Content starts
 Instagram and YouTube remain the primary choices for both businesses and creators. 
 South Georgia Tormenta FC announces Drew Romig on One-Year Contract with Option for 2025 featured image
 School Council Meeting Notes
Content ends
Content starts
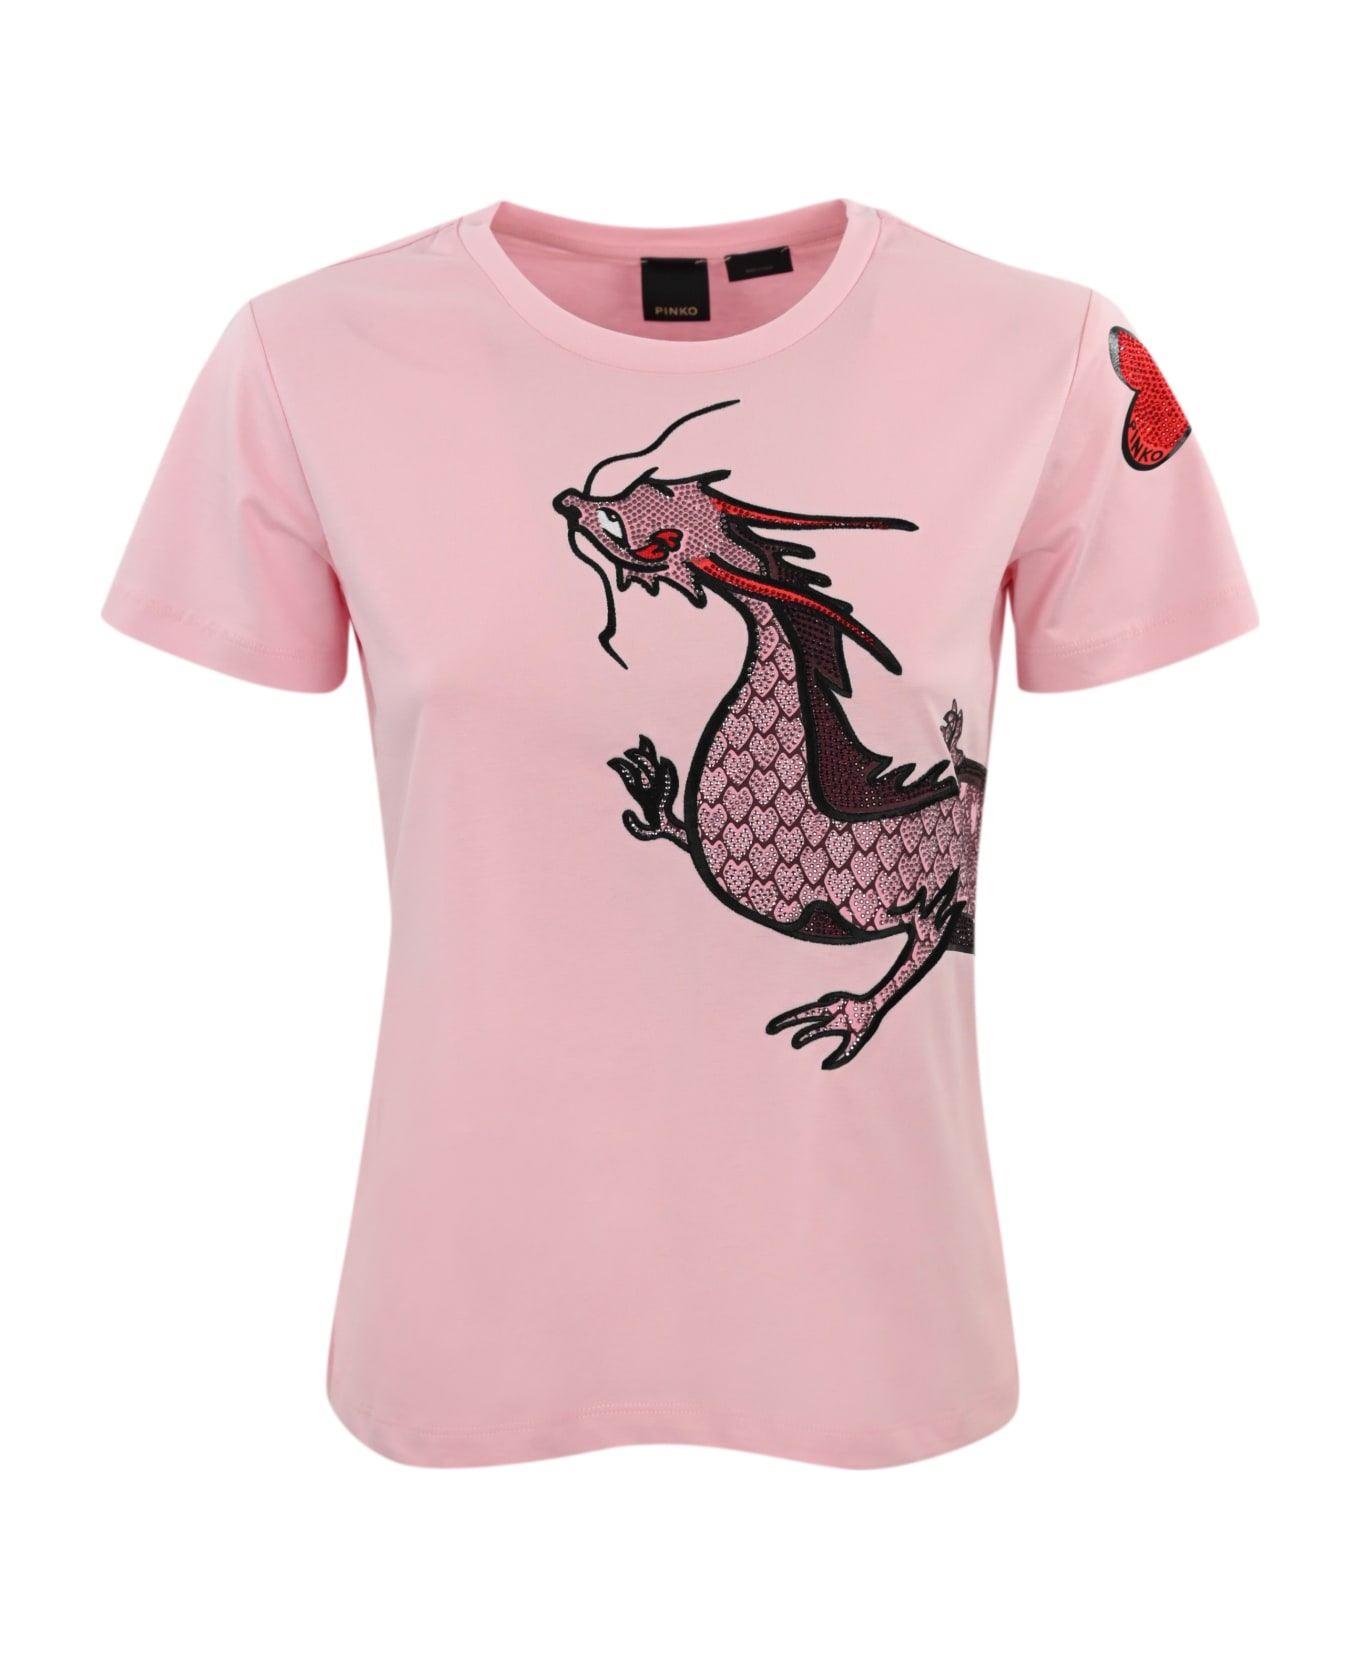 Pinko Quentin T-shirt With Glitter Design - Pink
Content ends
Work required »
Copy out, exactly and alone, the lines of the entries above between the ones holding "Instagram and YouTube" and "School Council Meeting Notes", inclusive.

Completed exercise »
 Instagram and YouTube remain the primary choices for both businesses and creators. 
 South Georgia Tormenta FC announces Drew Romig on One-Year Contract with Option for 2025 featured image
 School Council Meeting Notes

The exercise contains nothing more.